First Prize, $500: Roy Bentley
“Luis Sarria, Muhammed Ali’s Longtime Cut Man, Prepares the Boxer’s Face for a Workout in Deer Lake in 1978”
This poem, ekphrastic from a photo, exceeds the mere description typical of ekphrastic poems by seeing the photo from the inside out. The poet uses a capacious Whitmanesque line to focus tightly on an intimate relationship of healer and warrior. These men do not speak, but the cut-man’s fingers feel their way into the hard history of Ali and all black Americans. This tight shot then brings the two out on the road into a country fighting for and against civil rights. The poet has researched the physical things in the photo and through concrete specificity has used them precisely to meld history and human particularity. I was moved by the poem, and thought of Ali with warmth. I was in Vietnam the year Ali refused to serve, and saw the effect of this on the black marines I was deployed with. By a few images the poet has not only sharply depicted the two men, but opened up the world around them and its history.

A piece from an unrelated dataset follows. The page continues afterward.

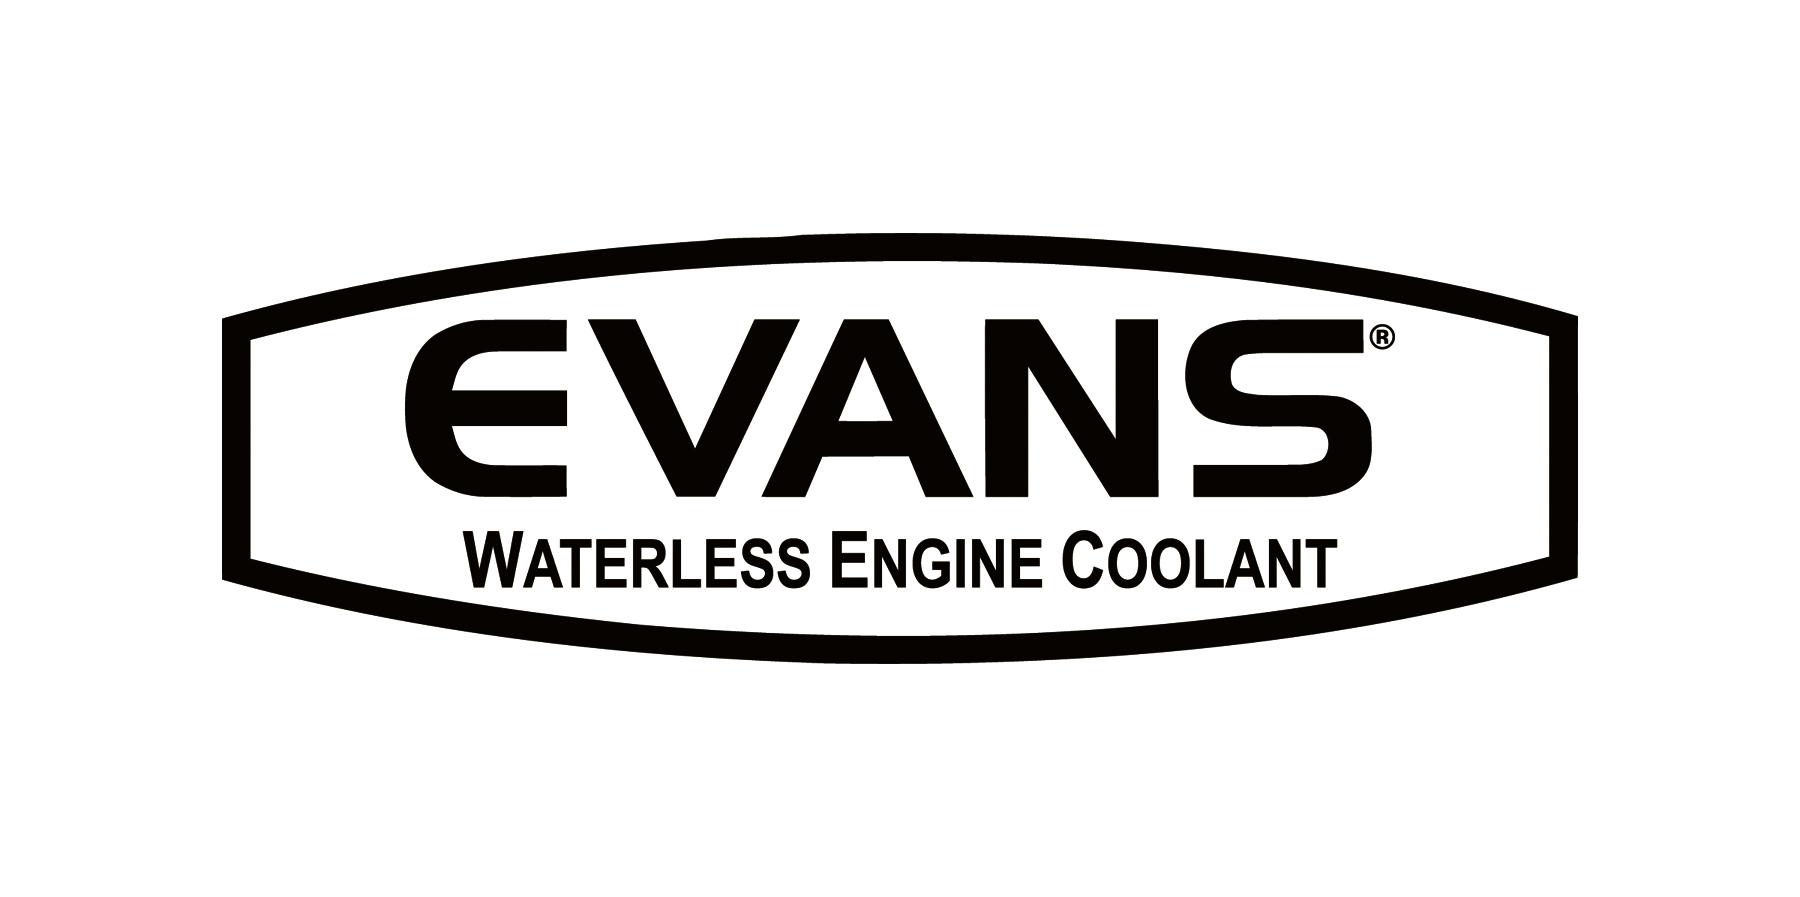 cool runnings  u2013 evans waterless engine coolant

Second Prize, $200: Richard Cummins, “Carpe Diem”
I like very much this father’s observation of his daughter as the family trio drives through a landscape. The father’s language of memory and time are counterpoint to the child’s joyful naming of things. The father knows the snow is coming; the daughter’s acquisition of language is immediate. The child’s grasping for language recapitulates the poet’s incessant choosing of the best words. The poet says, “Love tells me that we three close our eyes/and create the world each time we open them again, that there is nothing but now, nowhere but here.” This line is a demonstration of Coleridge’s argument that the poet creates the world as if for the first time.
Third Prize, $100: Terry Bodine, “Hitting the Bottle”
This poem is in one sense a struggle with alcohol but in another, just getting through life with its “slings and arrows of outrageous fortune.” The bruises are not only the broken blood vessels beneath the skin but life’s heartaches. Childhood is woven with the present. “We’re as likely to remember a story we’re told/as we are the story we lived.” Memory revises, innocence is bruised with experience. There is a need for a mother to wipe away tears but there is also a sense the speaker will survive and recover. “When I lie down in beds of guttered leaves/I’m still able to stand back up.”
Honorable Mentions (alphabetical order by poem title)
“After Slaying the Dragons”—Jonathan Greenhause
“Annunciation on Rue Saint-Urbain”—James Crews
“Between A Mother and a Son”—Candice Kelsey
“Mythomania”—Howie Faerstein
“Over”—Tom Paine
“Post Impressionism”—Kathleen Holliday
“They Watched”—LQ McDonald III
“Thirteen Truths”—Michele Randall
“To the Brink”—Linda Haltmaier
“Transition Period”—Bill Glose
We’d like to thank the judge, Doug Anderson, and everyone who entered. We read many wonderful poems, and we’re hoping to find room for some of them in the Spring/Summer issue, so if your name is not on the list above, you may still be getting an acceptance from us after July 4th. And Happy July 4th!